Alternate commuting methods like biking, walking, and carpooling are gaining in popularity these days, and for good reasons too; commuters choose to go with these types of transportation for the extra exercise, for environmental consciousness, and sometimes just for the plain, old convenience. Unfortunately, these activities are not without their flaws, one of the biggest being the lack of visibility at night. Nighttime safety is a big concern for pedestrians and cyclers alike, but it shouldn’t stop you from choosing these eco-friendly (and health- friendly) options. Follow these tips for nighttime visibility to find out how you can stay safe on the road—even in the dark.

Wear Bright Colors

Black might make your figure look svelte, but it’s not the smartest color choice if you know you’re going to be walking or biking home in the dark. When it comes to choosing your wardrobe for nighttime safety, brighter is better.
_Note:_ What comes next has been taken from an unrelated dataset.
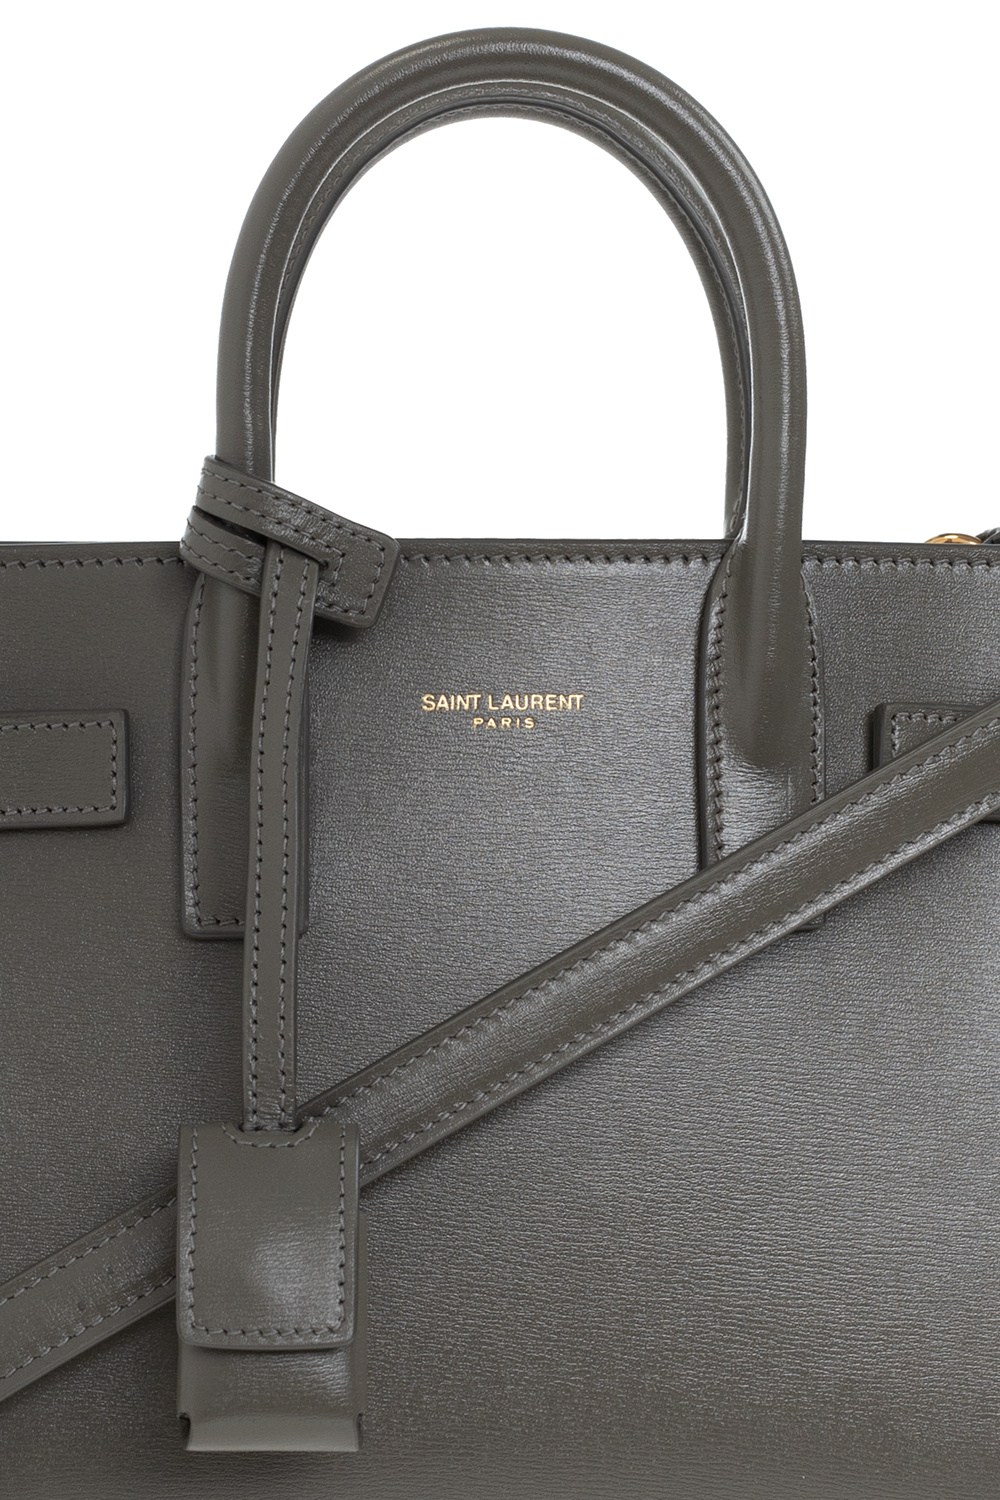 Saint Laurent Nano Sac de Jour Leather Top Handle Bag

Neon works great, as it also makes you pop out from the colors of the road and any surrounding greenery.

Add Reflective Materials

Reflective strips are a good way to remind drivers that they’re sharing the road with others. And while reflective night vests might not scream fashionable or chic, they do provide excellent nighttime visibility. They’re very affordable too. Visibility Safety Vests can be ordered online for around $7. Cyclers should invest in additional reflective strips as well. Even though most bikes come equipped with reflectors, we’d recommend that cyclers add reflective material to their helmets and backpacks. Or wear apparel where lighting is already integrated into it. See these light up t-shirts for example.

Add Lights

Bright colors and reflective materials work great when there’s light from street lamps or headlights, but nothing beats the reliability of having personal lighting. Nighttime cyclers should purchase at least two LED lights: one to serve as the headlight, and the other to be the taillight. It’s also a good idea to keep an extra light in your person in case one of those goes out. Also, commuter lights aren’t just for bikers. Pedestrians can wear headlamps or even vests with built-in lighting.

Minimize Distractions

Even though nighttime visibility is all about making sure drivers notice you, it’s also important to make sure that you’re aware of your own surroundings. It can be tempting to put in some earbuds and blast some music, but doing so can distract you from approaching cars. When it comes down to it, that new album can wait; safety should always be the number one priority.

Travel in Groups

A small group of people will be spotted much more quickly than a lone individual— but be careful to not walk in a horizontal row and end up being the one in the road! Beyond just visibility, traveling in groups is just about the best practice there is for nighttime safety. Walking and biking at night can be dangerous, but you can minimize the risk with the right gear, the right attitude, and of course, the right friends.